The invention provides a multi-category engineering vehicle behavior recognition method and device, which are characterized in that videos to be recognized are input into a trained target detection model, so that the trained target detection model recognizes the videos to be recognized, a prediction frame containing an engineering vehicle target in the videos to be recognized is output, the prediction frame where the engineering vehicle target is located corresponds to the position coordinate and the category of the engineering vehicle target, then images in the range of the prediction frame are input into a trained behavior recognition network in a continuous frame mode, so that the behavior recognition network extracts key frames of the videos to be recognized and recognizes the behavior of the engineering vehicle target to obtain the category of the behavior of the engineering vehicle target in the videos to be recognized, the behavior recognition network simulates time domain information through the displacement of different groups of feature vectors in channel dimensions, and therefore, the speed of the behavior recognition process is greatly improved, different behaviors of a plurality of engineering vehicles can be identified in real time.

Description

Behavior identification method and device for multi-class engineering vehicle
Technical Field
The invention belongs to the technical field of video image recognition, and particularly relates to a behavior recognition method and device for a multi-class engineering truck.
Background
In the field of video behavior recognition, existing methods are mainly classified into two categories. The first type is a behavior recognition method based on image information of video frames, such as a two-stream method and a three-dimensional convolution method. the two-stream method is to send the light flow graph and the video frame into a Convolutional Neural Network (CNN) for joint training to obtain a behavior class; the three-dimensional convolution method is to add time dimension information into a video frame sequence and directly carry out three-dimensional convolution on the sequence to obtain a behavior category. The second method is a skeleton-based behavior recognition method, which firstly estimates key nodes through RGB images and then predicts behaviors through a Recurrent Neural Network (RNN) or a Long Short-Term Memory Network (LSTM), but the method is mostly suitable for human body behavior recognition and other skeleton-fixed scenes.
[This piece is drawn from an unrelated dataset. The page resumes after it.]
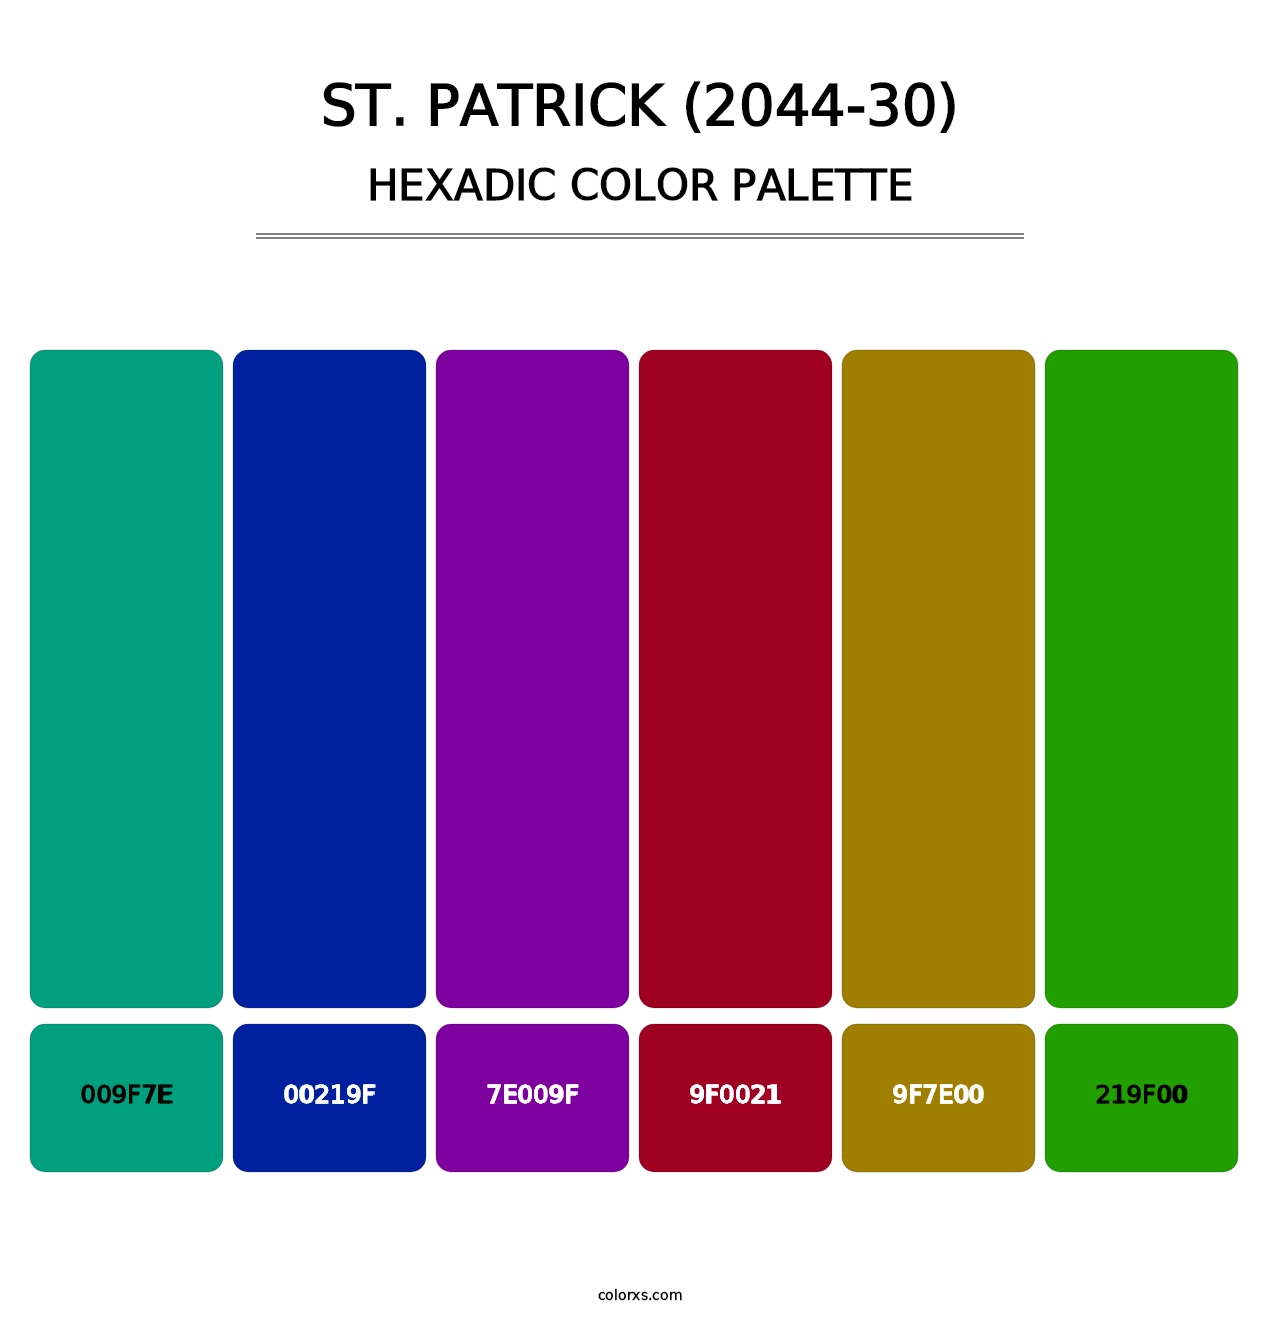 St. Patrick (2044-30) - Hexadic Color Palette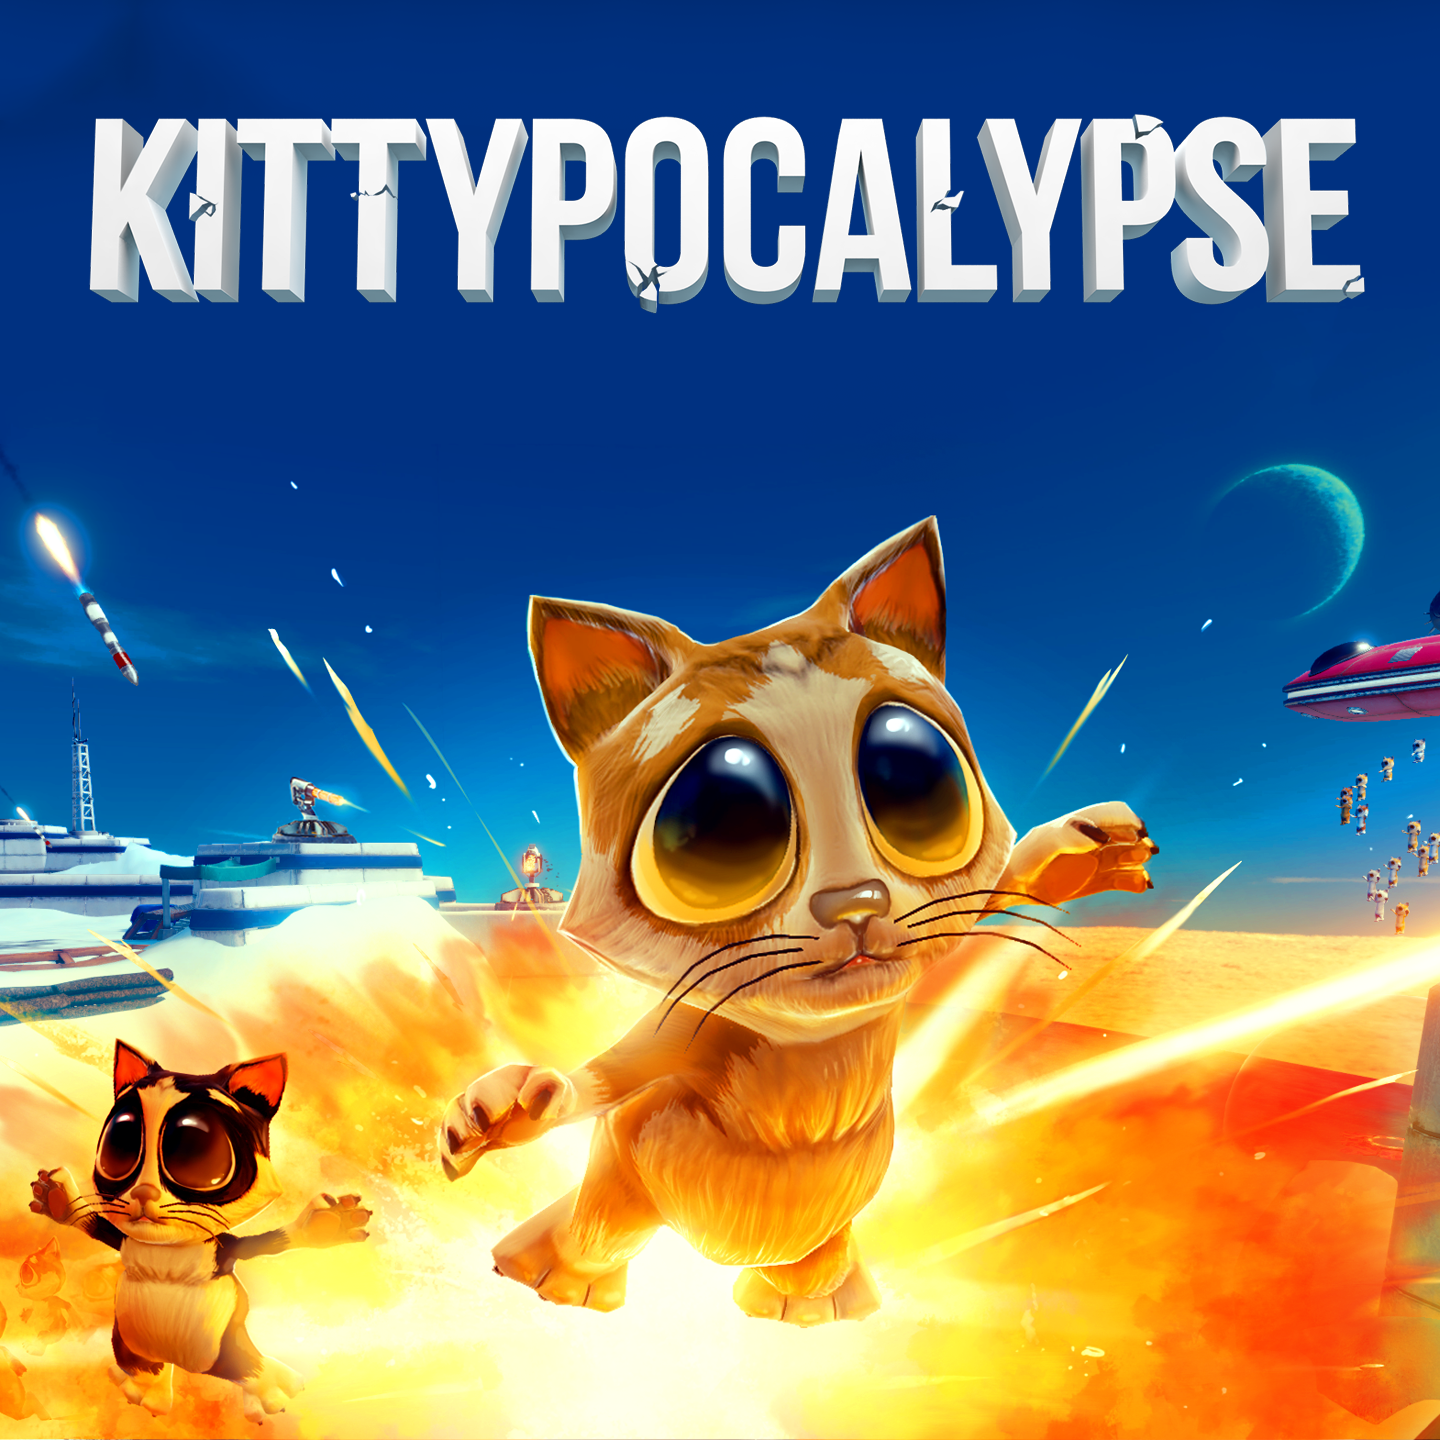 Kittypocalypse Picture

The existing behavior identification method based on video frame image information can only identify one object and one action type of the object when a section of video is input for identification. However, since a fixed skeleton structure needs to be encoded into a vector and input into a network for motion classification, the recognition method is difficult to recognize when the motion of the object to be recognized varies greatly.
Disclosure of Invention
In order to solve the problems in the prior art, the invention provides a method and a device for identifying the behaviors of multi-class engineering vehicles. The technical problem to be solved by the invention is realized by the following technical scheme:
in a first aspect, the invention provides a method for identifying behaviors of a multi-class engineering truck, which comprises the following steps:
acquiring a video to be identified;
the method comprises the following steps that a video to be identified comprises a plurality of frames of images, wherein each frame of image comprises a plurality of engineering truck targets;
inputting the video to be recognized into a trained target detection model so that the trained target detection model recognizes the video to be recognized and outputs a prediction frame;
the method comprises the steps that a prediction frame comprises an engineering vehicle target in a video to be recognized, the prediction frame where the engineering vehicle target is located corresponds to the position coordinate and the category of the engineering vehicle target, a trained target detection model is obtained through a first training set, the first training set comprises a plurality of first samples, the engineering vehicle target in each first sample is marked out by a real frame, the first training set is clustered to obtain k prior frames, the prior frames are input into a preset target detection model, so that the preset target detection model determines the prior frame which is intersected with the real frame and has the largest ratio with the real frame, the offset between the prediction frame and the prior frame is calculated, a prediction frame comprising the target is output, and the preset target detection model is subjected to iterative training until a first training cut-off condition is reached;
inputting the images in the prediction frame range into a trained behavior recognition network in a continuous frame mode, so that the behavior recognition network extracts key frames of the video to be recognized and recognizes the behavior of the engineering truck target, and the category of the behavior of the engineering truck target in the video to be recognized is obtained;
the trained behavior recognition network is obtained by obtaining a second training set, wherein the second training set comprises a plurality of second samples, each second sample comprises a real behavior category of an engineering truck target, the second samples are input into a preset behavior recognition network, so that dimensional feature maps output by each layer in the preset behavior recognition network are grouped according to the time sequence of input images, the number difference of the dimensional feature maps contained in each group is minimum, each group of dimensional feature maps are shifted according to the serial number of the group, a vacancy in a feature vector corresponding to the shifted dimensional feature map is filled with 0, and the preset behavior recognition network is iteratively trained until a second training cut-off condition is reached, so that the trained behavior recognition network is obtained.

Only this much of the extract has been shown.